Data under study ->
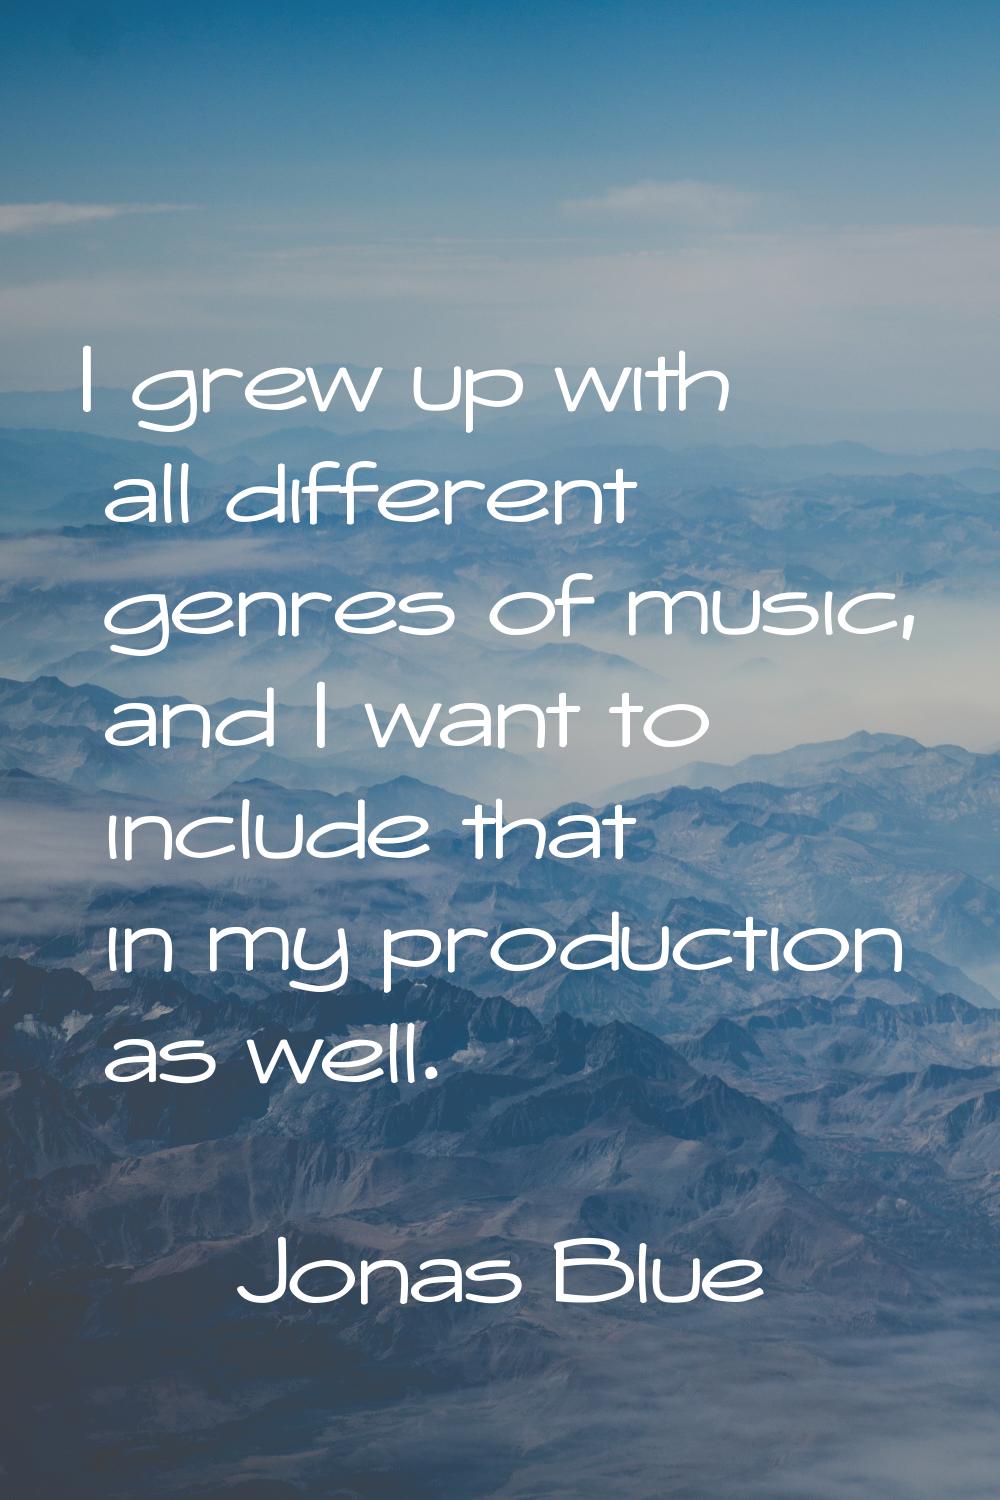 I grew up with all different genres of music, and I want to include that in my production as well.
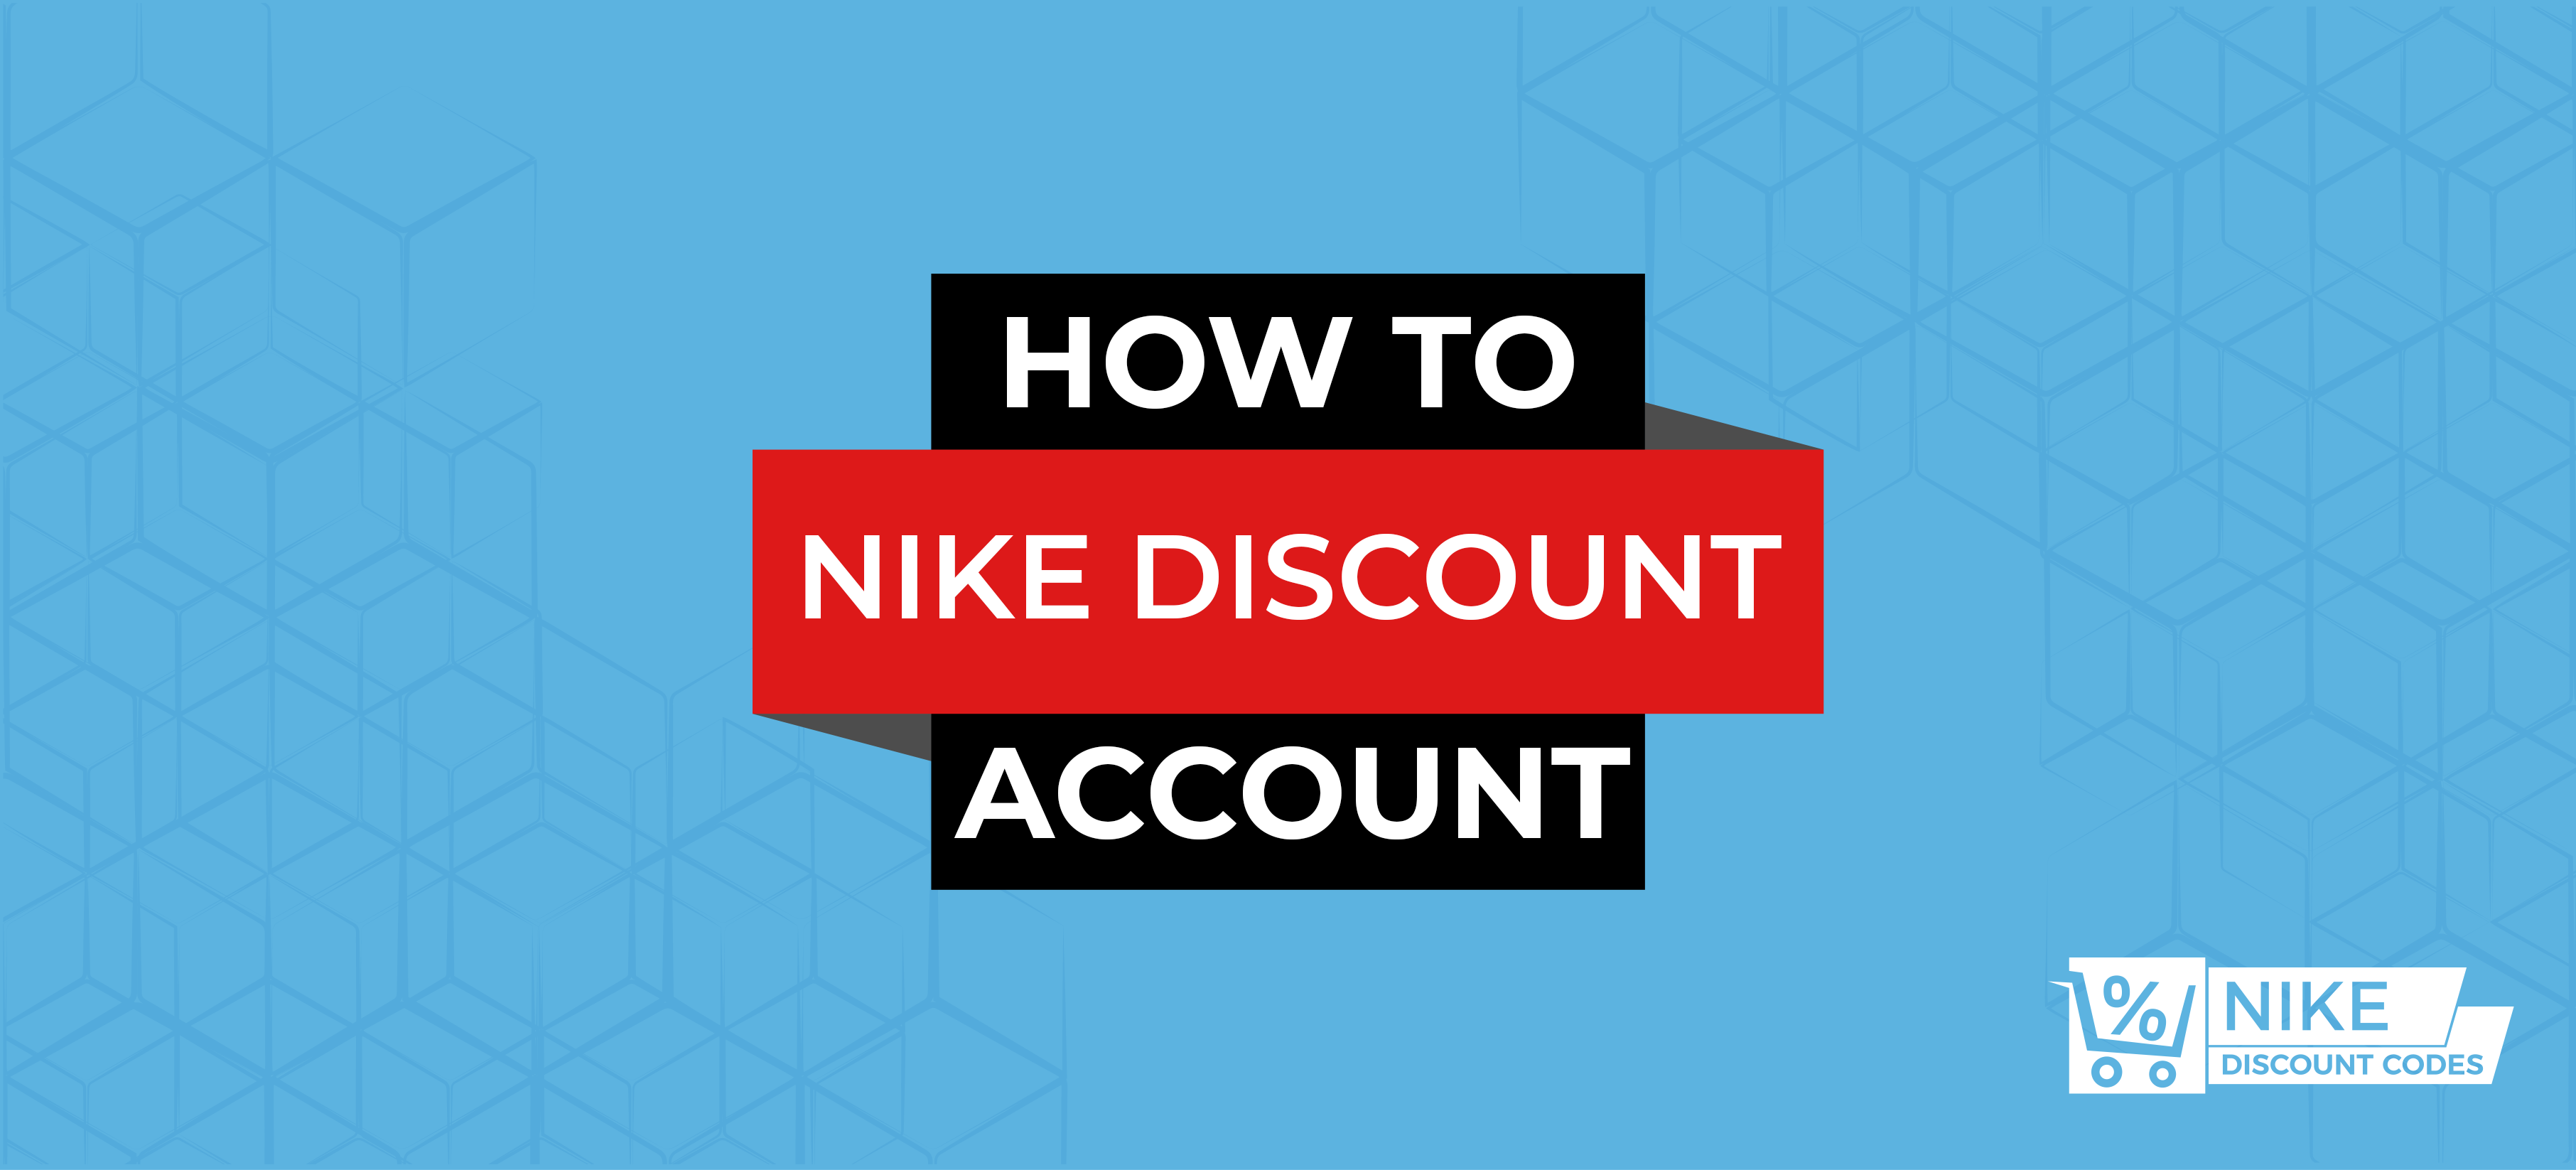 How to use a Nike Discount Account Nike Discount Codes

---

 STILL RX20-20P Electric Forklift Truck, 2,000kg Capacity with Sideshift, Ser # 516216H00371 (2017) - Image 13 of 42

---

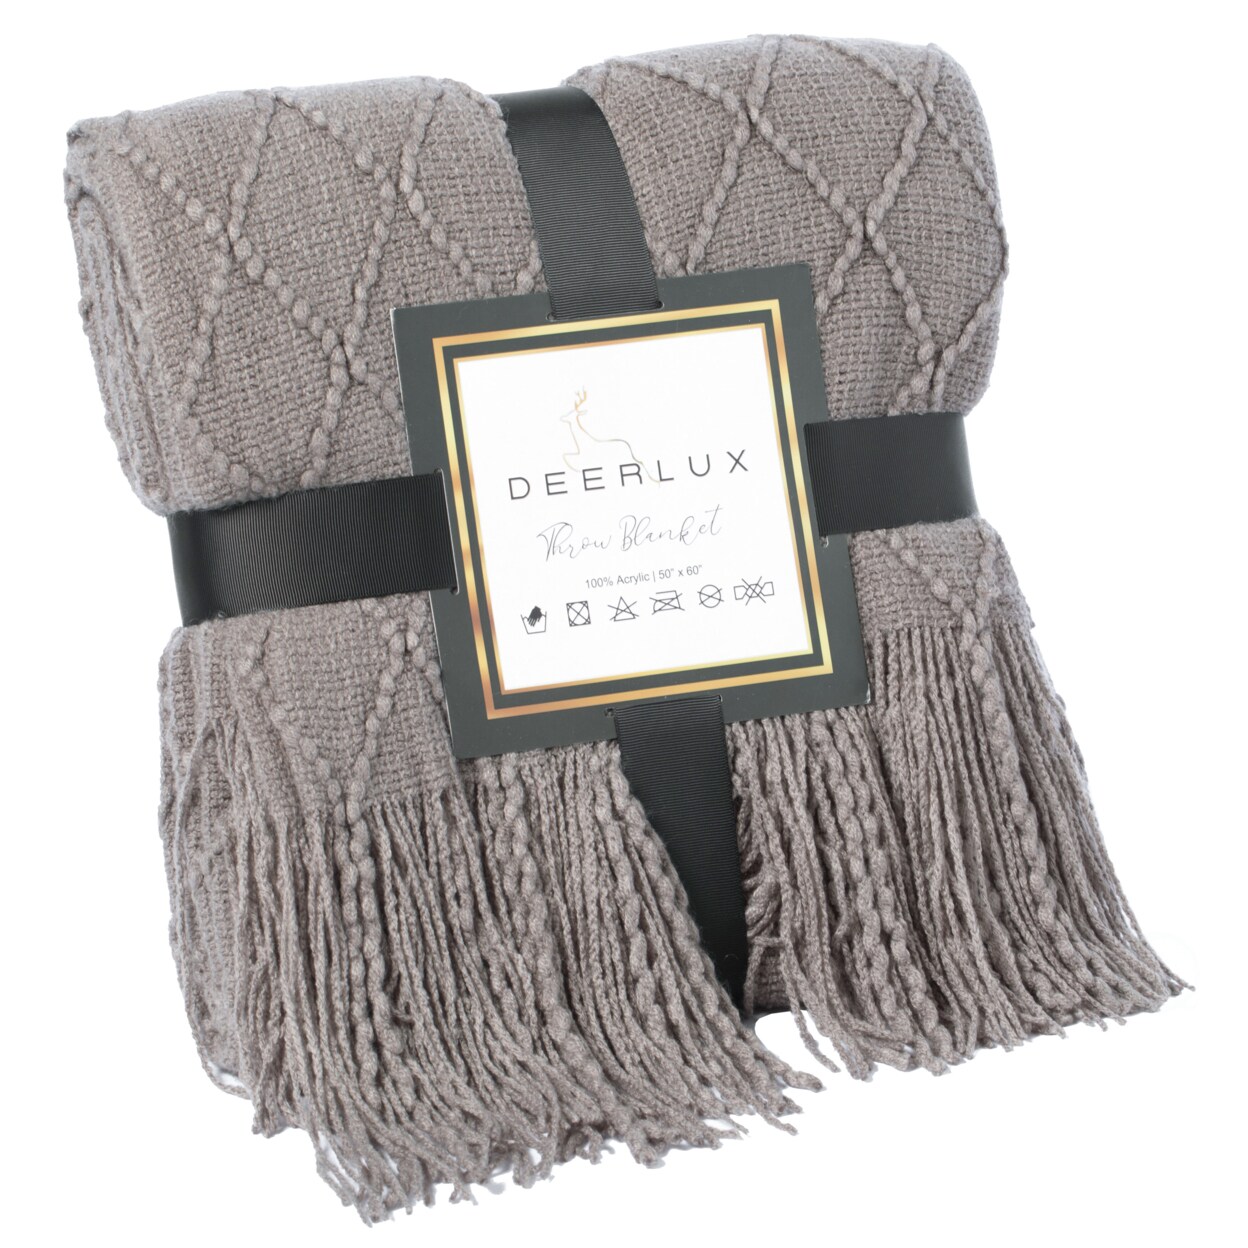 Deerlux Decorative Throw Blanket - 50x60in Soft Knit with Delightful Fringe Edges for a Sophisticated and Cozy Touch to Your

Assigned task -> Copy word for word only the lines above from the one with "I grew up with" through the one with "How to use a". Leave pictures out.

Answer to the exercise ->
 I grew up with all different genres of music, and I want to include that in my production as well.
 How to use a Nike Discount Account Nike Discount Codes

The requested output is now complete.